WHAT THIS TASK INVOLVES — Produce a verbatim copy of the data below that contains no pictures.

[[ PROVIDED MATERIAL open ]]

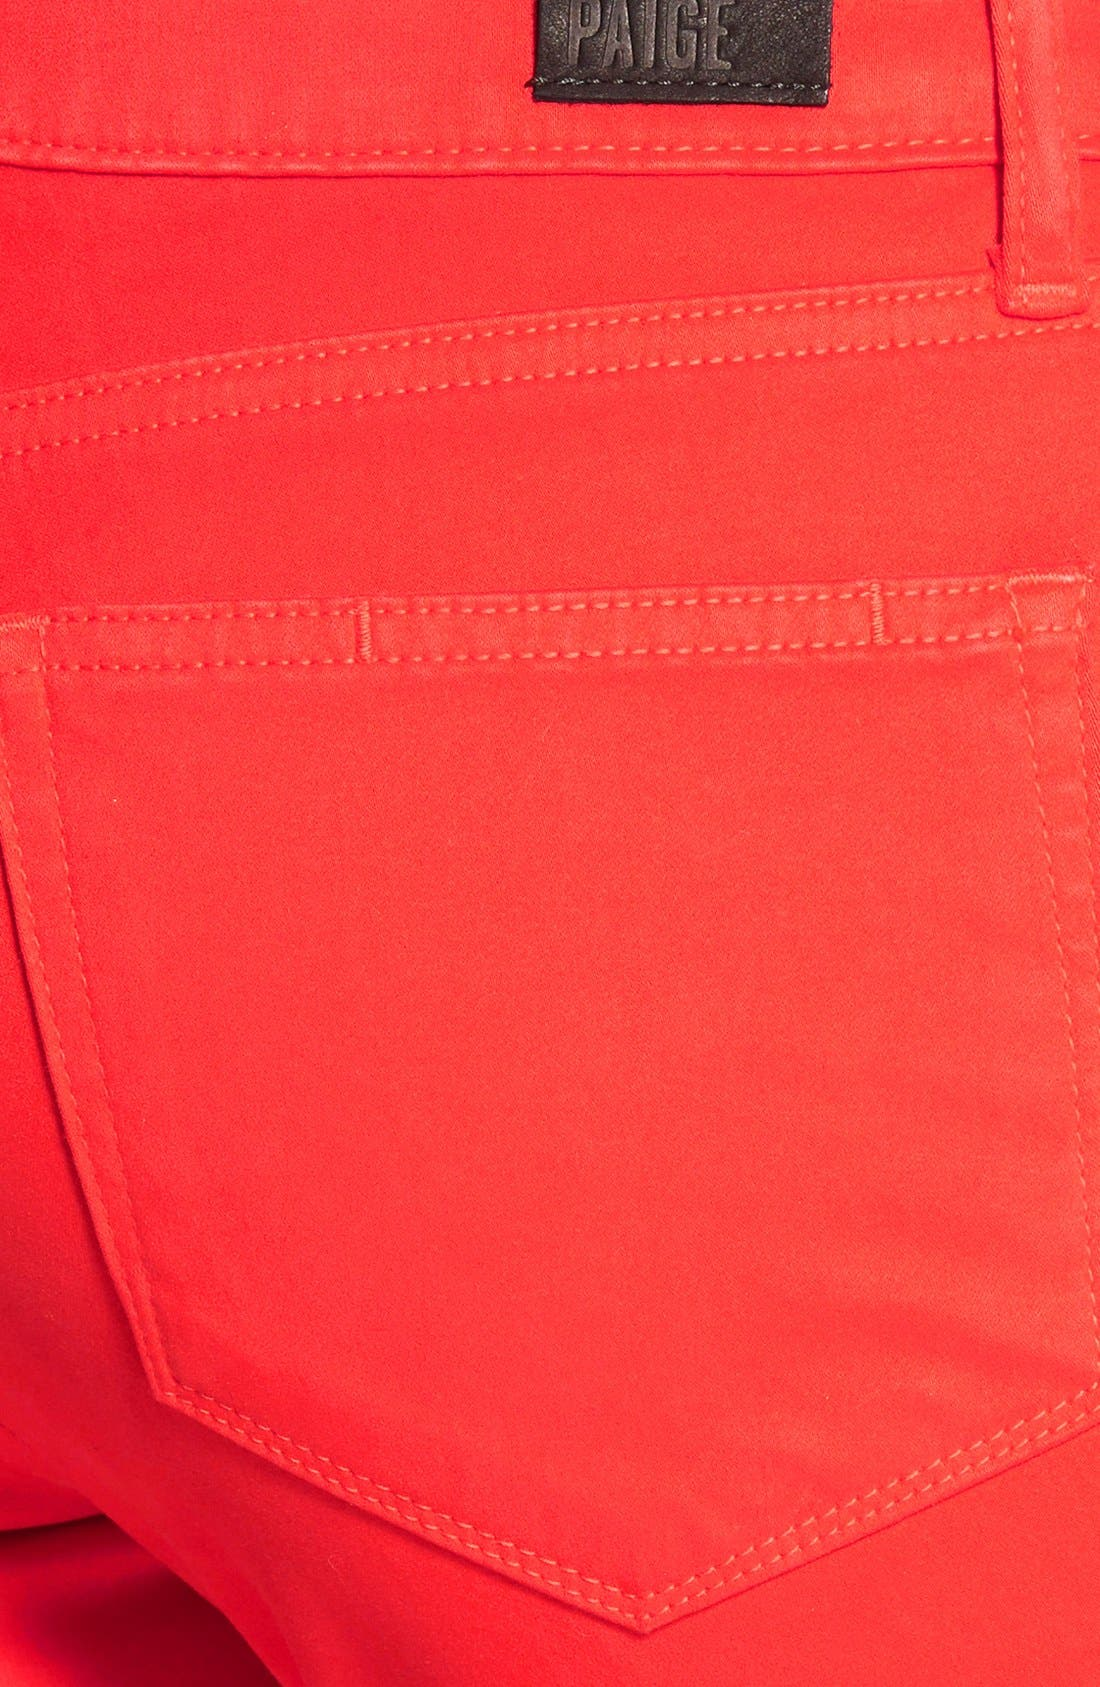 Denim 'Verdugo' Ultra Skinny Jeans,                             Alternate thumbnail 2, color,                             600
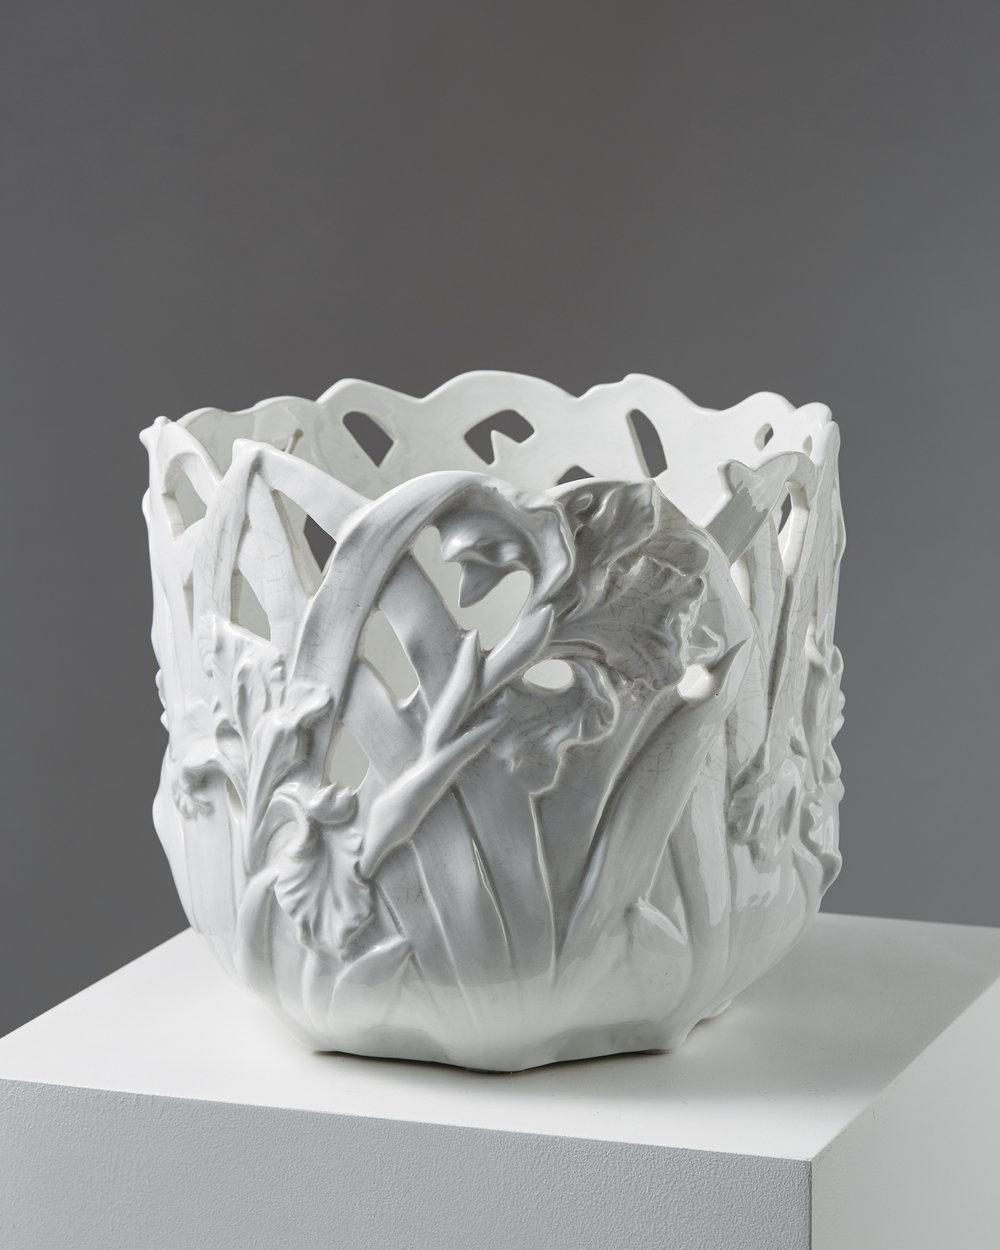 Gunnar Wennerberg  Flower pot Sweden, early 1900's Stoneware. 27 x 30 cm
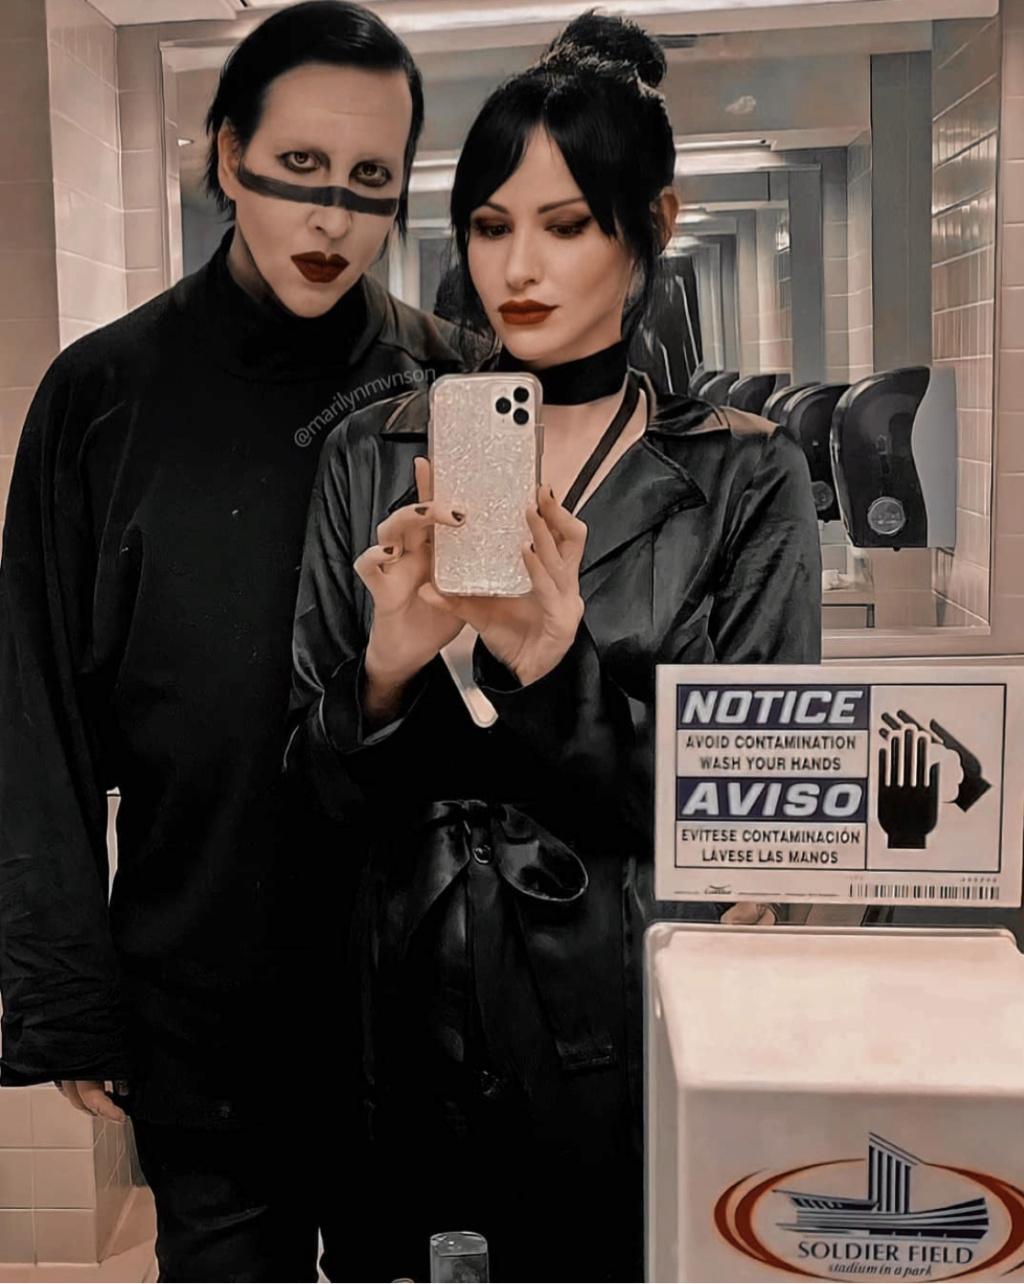 Marilyn ⚡️ Manson (el tópic del Reverendo) - Página 6 08604110

[[ PROVIDED MATERIAL closed ]]

SOLUTION BELOW —
 Denim 'Verdugo' Ultra Skinny Jeans,                             Alternate thumbnail 2, color,                             600
 Gunnar Wennerberg  Flower pot Sweden, early 1900's Stoneware. 27 x 30 cm
 Marilyn ⚡️ Manson (el tópic del Reverendo) - Página 6 08604110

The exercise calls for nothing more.